Жужакина тем временем дошла до темы вымогательства.
— …Я тут недавно от одного доктора услышала: «Даром папа маму не целует». До того вы, дорогие мои, оборзели, что не стесняетесь мне в лицо такое говорить! Зарплаты у вас, видите ли, маленькие. А я вам так скажу: грош цена тому врачу, который ради больших денег пошел учиться в медицинский институт! Стремление лечить людей должно быть призванием, потребностью, а не путем к обогащению! Я так считаю, и любой настоящий врач со мной согласится…
Данилов подумал, что перед тем, как сказать нечто подобное, не мешало бы снять с себя серьги, цепочки и кольца. Даже он, совершенно не разбирающийся в ювелирных изделиях, понимал, что цацки руководителя отдела здравоохранения тянут на очень хорошую сумму.
— …Святой великомученик целитель Пантелеймон денег за лечение не брал! И медицинские книжки за мзду не оформлял!..
— Заговорилась Аркадьевна, — прокомментировал Евлампиев, — какие в те времена медицинские книжки были?
— Лучше бы ей вообще святых не поминать, — сказала незнакомая Данилову женщина, сидевшая справа от Евлампиева. — Чья бы корова мычала… К самой без конвертика не подходи. И зарплаты у них в администрации не чета нашим. По 50 000–80 000 оклады, и премии сами себе назначают еще столько же, только непонятно — за какие достижения?

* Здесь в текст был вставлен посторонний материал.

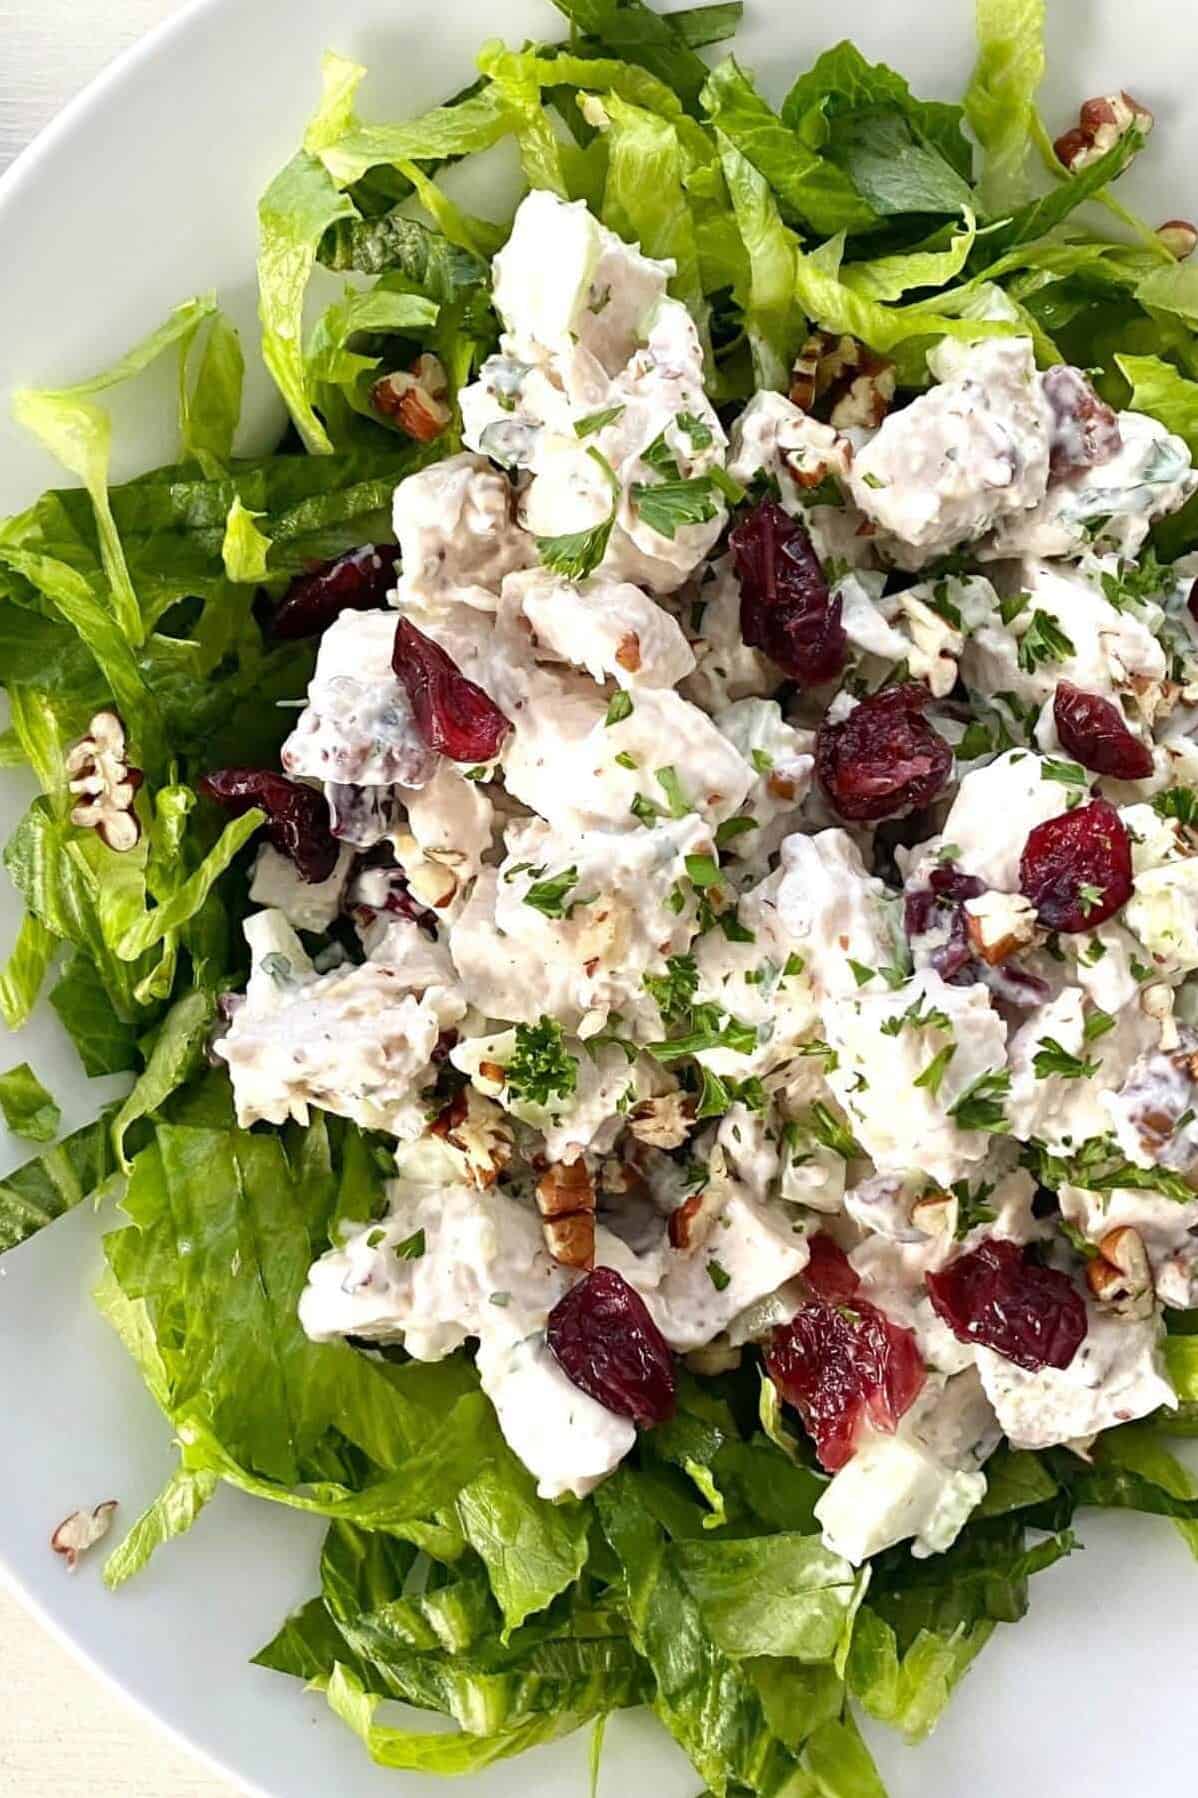  A salad that is both beautiful and delicious
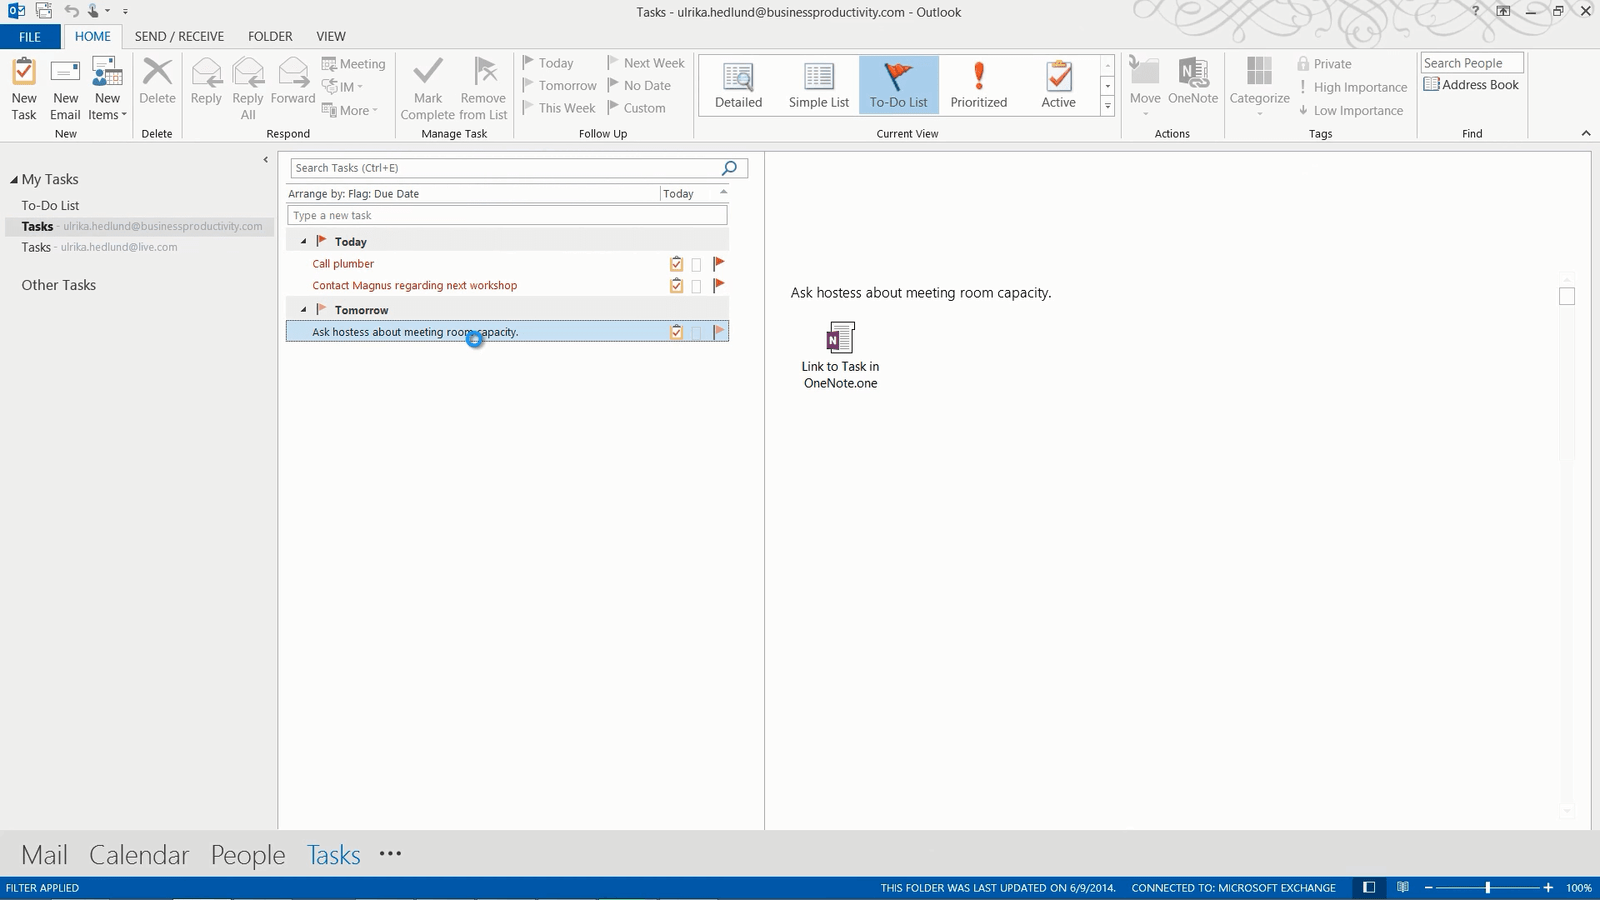 How to create an Outlook task

— С понедельника у нас в районе начинает работать горячая антикоррупционная линия, телефоны которой будут вывешены во всех учреждениях! В каждом отделении, у каждого кабинета…
Данилова так и подмывало спросить, будут ли вывешены номера телефонов антикоррупционной линии у кабинета самой Агнии Аркадьевны, но он сдержался, понимая, что после такого вопроса придется собирать манатки и переезжать в один из соседних районов или в другую область. Да и какой смысл задавать вопрос, если и так знаешь ответ?
— Так что всем вашим нетрудовым доходам скоро придет конец! — пообещала Жужакина. — С праздником вас, монаковцы мои дорогие!
«Взяточничество на Руси еще Иван Грозный искоренить пытался, — подумал Данилов. — Правда до антикоррупционной линии он не додумался, но в целом подданных напугать умел, иначе бы так не прозвали. И что изменилось с шестнадцатого века?»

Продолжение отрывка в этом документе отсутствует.